Gesualdi, Don Milani e il “biotestamento”

Milani

Èmorto l’altro ieri pomeriggio nella sua abitazione di Calenzano, in provincia di Firenze, al termine del degenerare di una malattia grave come la Sclerosi laterale amiotrofica (Sla) e di una vicenda amara di strumentalizzazione politica uno dei primi allievi del noto Priore di Barbiana Don Lorenzo Milani (1923-1967).
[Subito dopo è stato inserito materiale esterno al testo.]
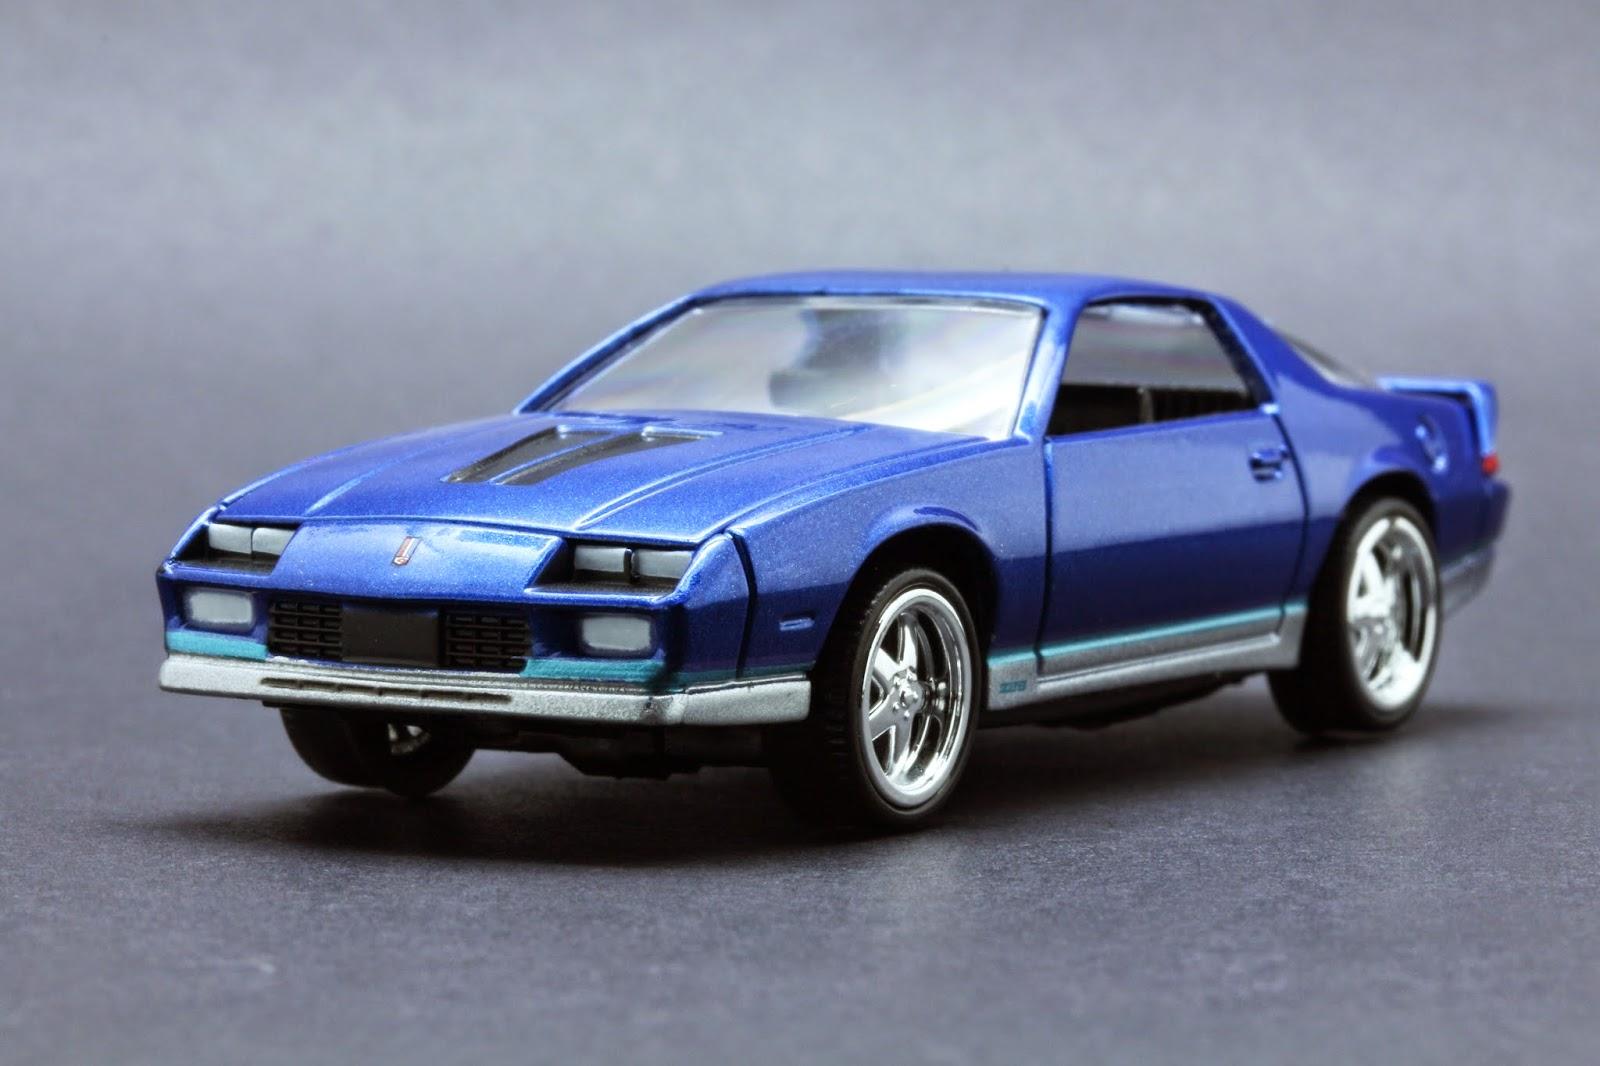 Chevrolet Camaro Z28 in Blau Auto World 1:64 1984

I funerali di Michele Gesualdi (1943-2018), già presidente della provincia di Firenze a guida centrosinistra (1995-2004), si sono tenuti oggi a mezzogiorno a Barbiana, proprio davanti alla canonica tenuta dal sacerdote fiorentino durante gli anni Cinquanta e Sessanta. Dal pomeriggio la salma di Gesualdi è esposta nella camera ardente aperta a Firenze nella sede dell’Opera della Madonnina del Grappa

In molte delle rievocazioni di quello che è inevitabilmente ricordato come uno dei primi 6 allievi della “Scuola Popolare” fondata da Don Milani sui colli del Mugello leggiamo che Gesualdi è divenuto “simbolo della battaglia per la legge sul testamento biologico”. Essendo affetto da Sla da tre anni, infatti, l’ex presidente della Fondazione Don Milani è assurto alle cronache nazionali dell’ultimo anno per la sua lettera-appello al Presidente della Camera dei Deputati, al Presidente del Senato e ai Capi gruppi parlamentari per accelerare l’approvazione di una normativa sul c.d. “biotestamento”.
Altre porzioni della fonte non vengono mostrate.